Only the lines from the one containing "BALENCIAGA Bracciale con" through the last line of the material should be copied, exactly as written and without pictures.

* **The data**:

········

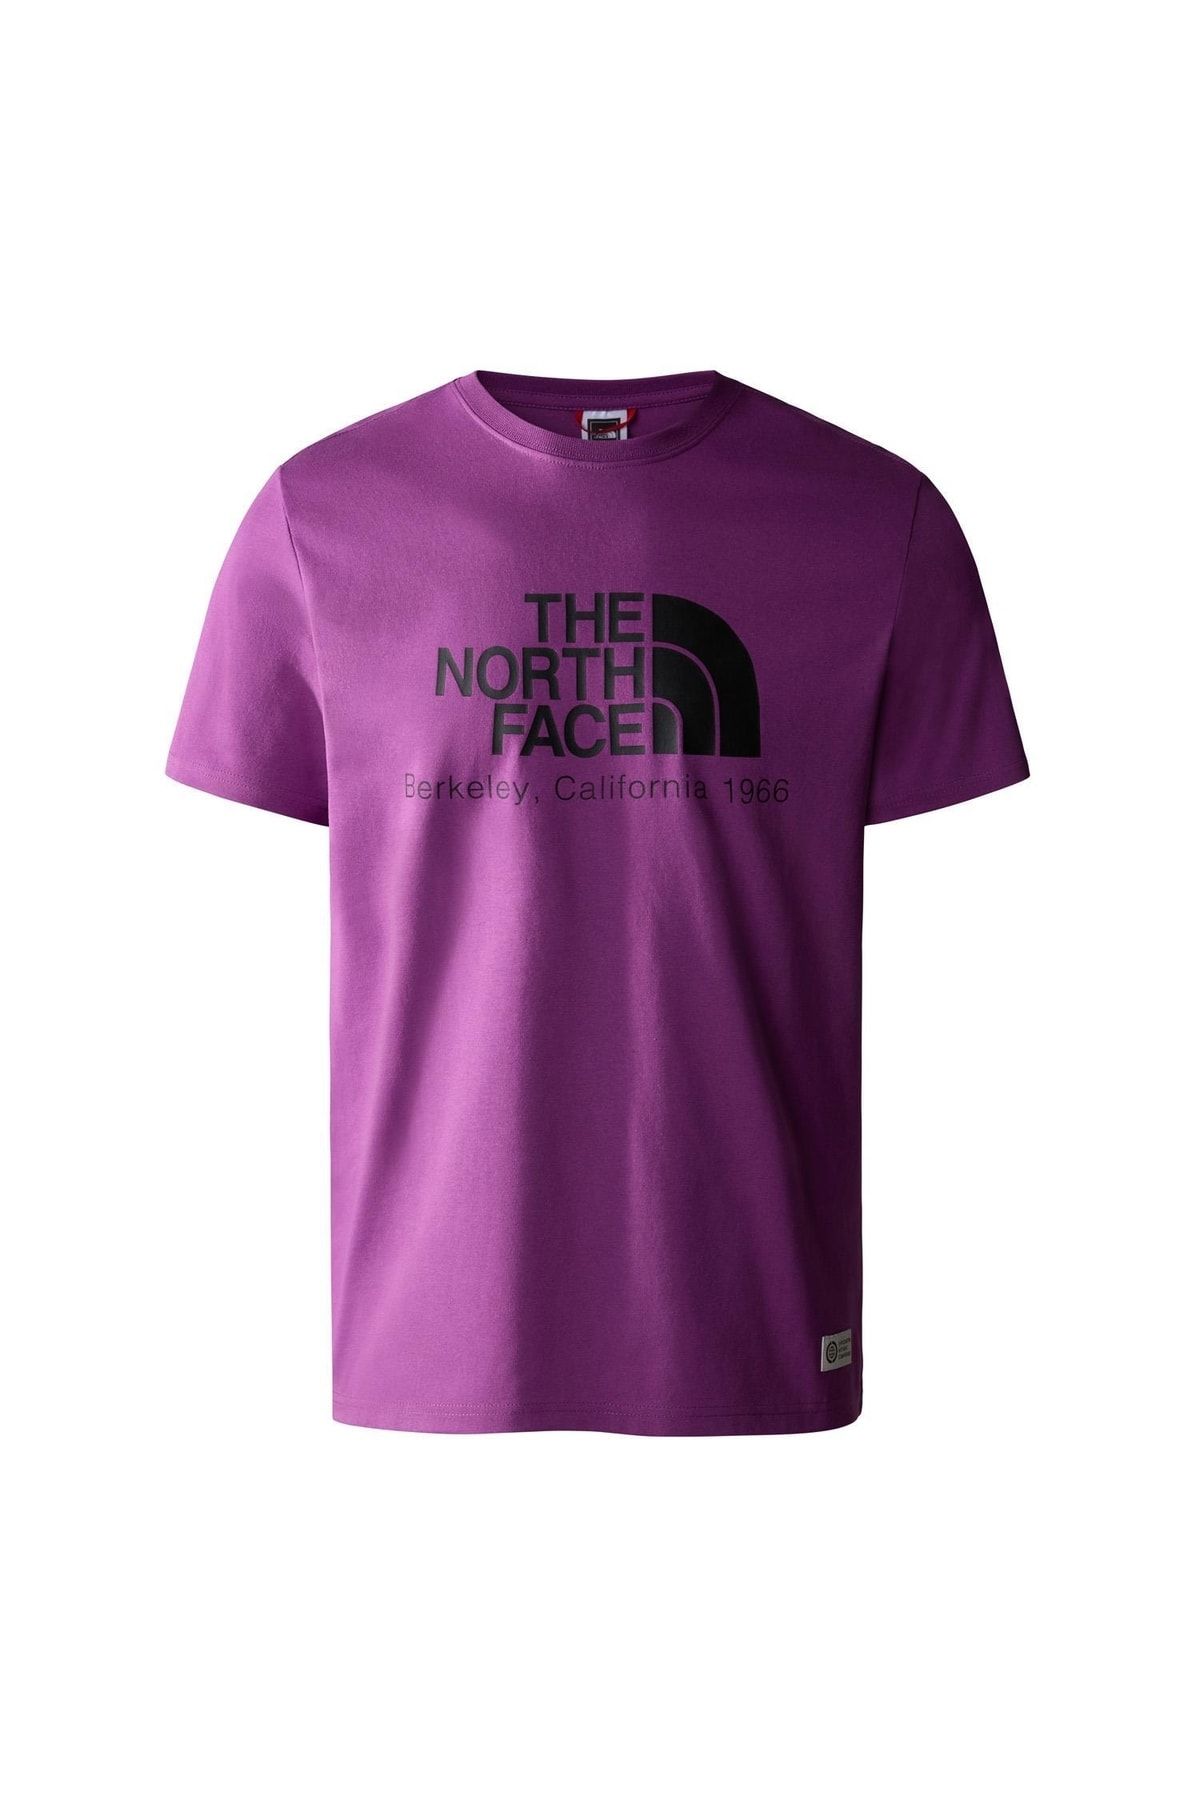 The North Face M Berkeley Calıfornıa Tee- In Scrap Mat Erkek T-shirt Nf0a55gelv11
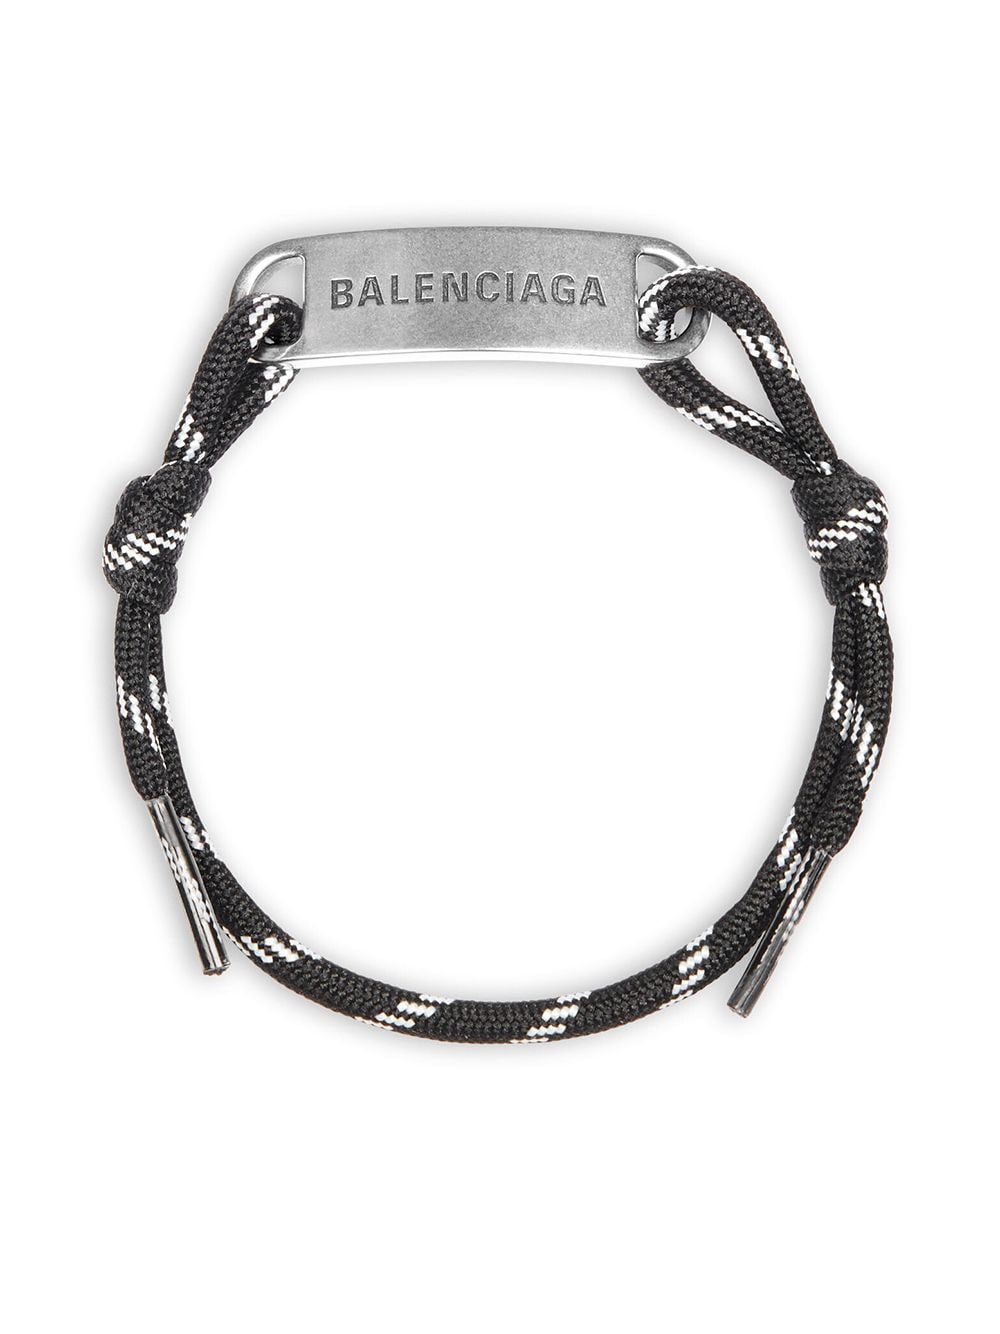 BALENCIAGA Bracciale con cordino in cotone nero e argento con logo Balenciaga
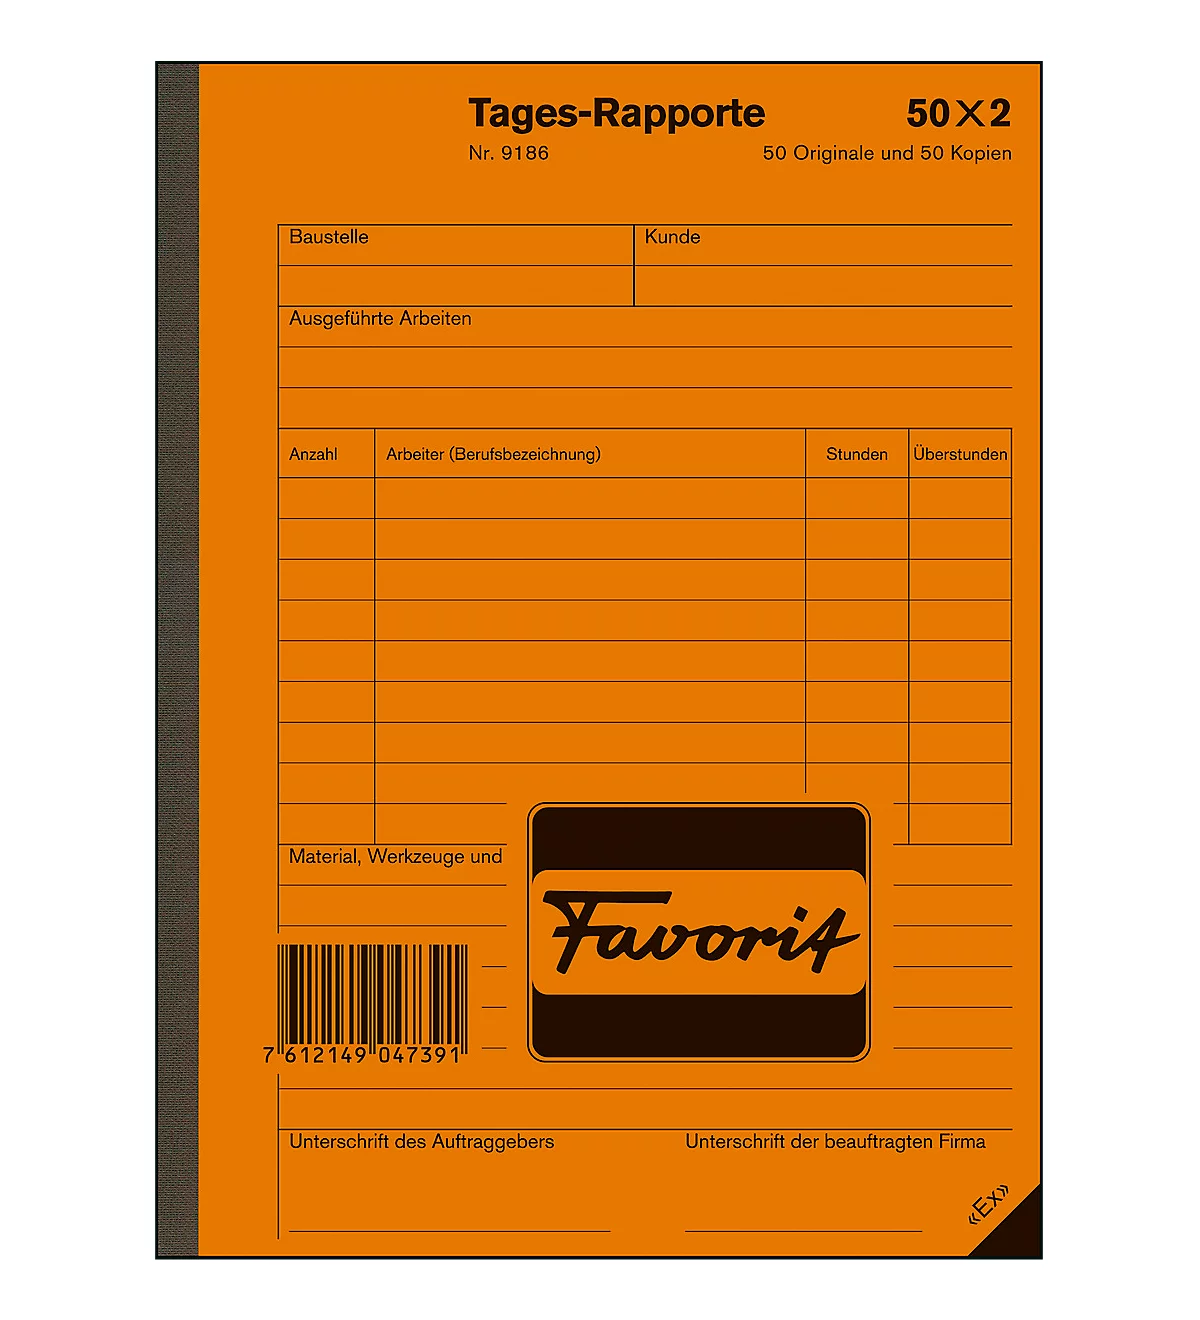 Favorit Tages-Rapporte, Format ähnlich A5, selbstdurchschreibend, Kohlepapier, perforiert, 50 x 2 Blatt

········

* **Response**:
 BALENCIAGA Bracciale con cordino in cotone nero e argento con logo Balenciaga
 Favorit Tages-Rapporte, Format ähnlich A5, selbstdurchschreibend, Kohlepapier, perforiert, 50 x 2 Blatt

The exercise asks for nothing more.